Лось в облаке
Шрифт:
— А чтой-то ты, мил человек, так поздно спохватился? Полтора года от тебя ни слуху ни духу, нашкодил и смылся, теперь тебе Веру подавай? Да-да, вот так-то. Вера мне все рассказала, не выдержала. Смотрю, тает девка день ото дня, глаза себе все выплакала, пришлось выведать, в чем дело. Матери не рассказала, а мне рассказала. И про то, что Саня, жених ее, погиб из-за вас.
Лицо Вадима вдруг исказила сильнейшая судорога, и он резко встал, с шумом отодвинув стул.
— Что ты, что ты, милый, — суматошно запричитала хозяйка, пытаясь снова его усадить, — ах ты, господи! Ну сболтнула лишнее вздорная баба, ты уж сердца на меня не держи. Знаю, как тяжело тебе было. И Вера себе его смерти простить не могла. Она во всем только
— Замуж? Когда? — убитым голосом спросил Вадим.

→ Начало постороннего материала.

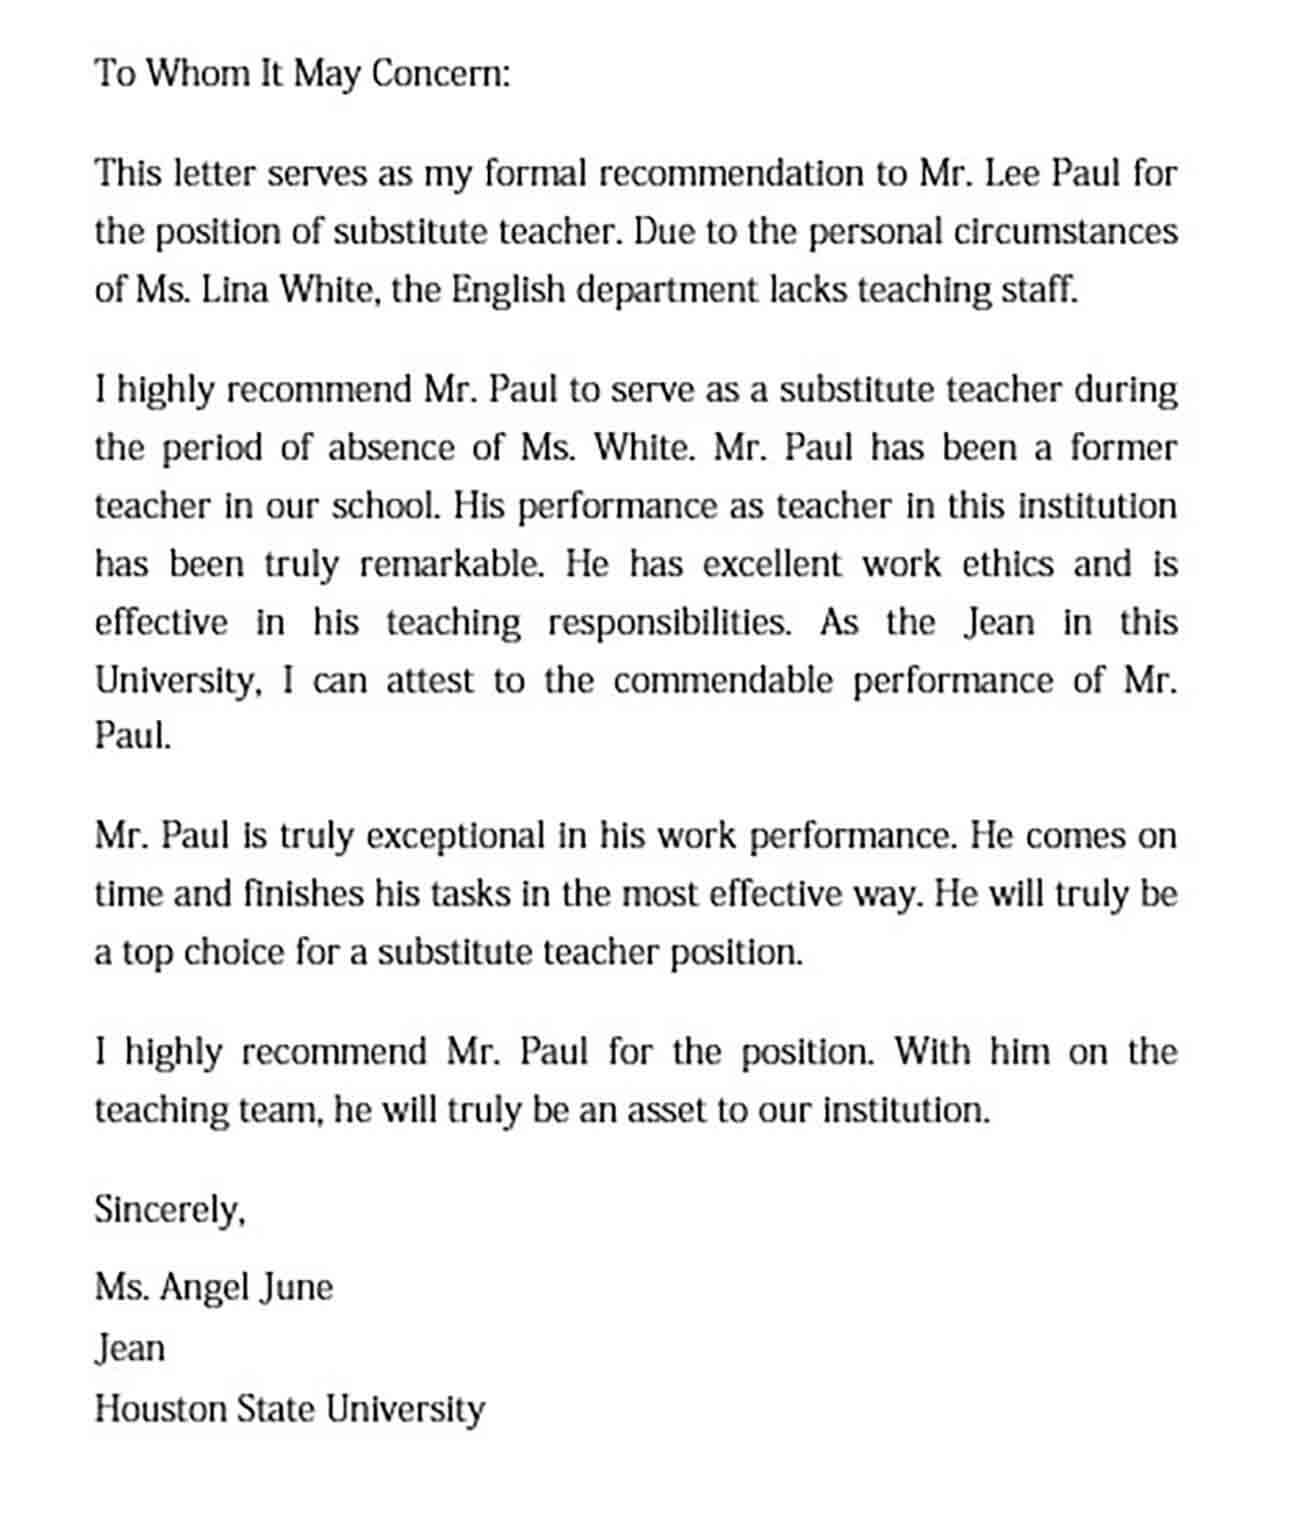 Substitute Letter of Recommendation for a Teacher
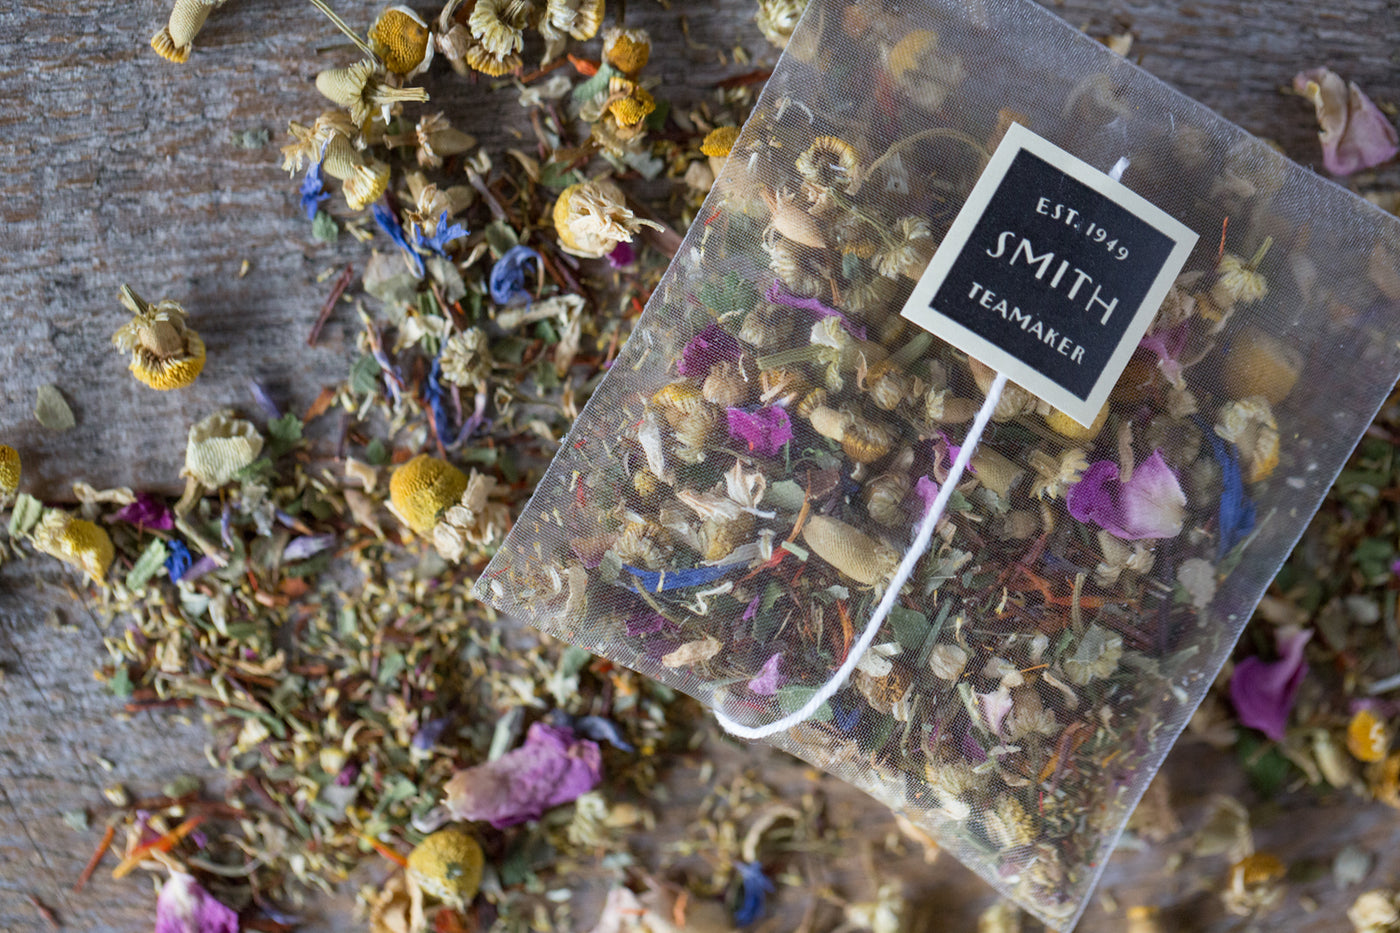 Unwrapped sachet of Meadow to show full leaf botanicals: chamomile buds, rose petals and blue cyani.

— Да уж месяцев шесть. Кавалер тут один настырный ее осаждал, взрослый и богатый, шагу ей не давал ступить. Подарки носил, кольца, серьги, браслеты, и все с бриллиантами. Она сердилась, не брала, так эти коробочки у нас по всему дому лежали. Он уйдет, а коробку где-нибудь тайком оставит. Сильно он к ней сердцем прикипел. «Всю жизнь, — говорил, — буду ждать», и дождался. Судьба будто на руку ему играла: ты о себе знать не давал, а в прошлом году, в декабре, братец мой, Верин отец, значит, на стройке с лесов упал и сильно покалечился. Это все и решило. Подожди, фотографию покажу, — она вышла в комнату, сразу же вернулась и поставила перед Вадимом свадебную фотографию в рамке.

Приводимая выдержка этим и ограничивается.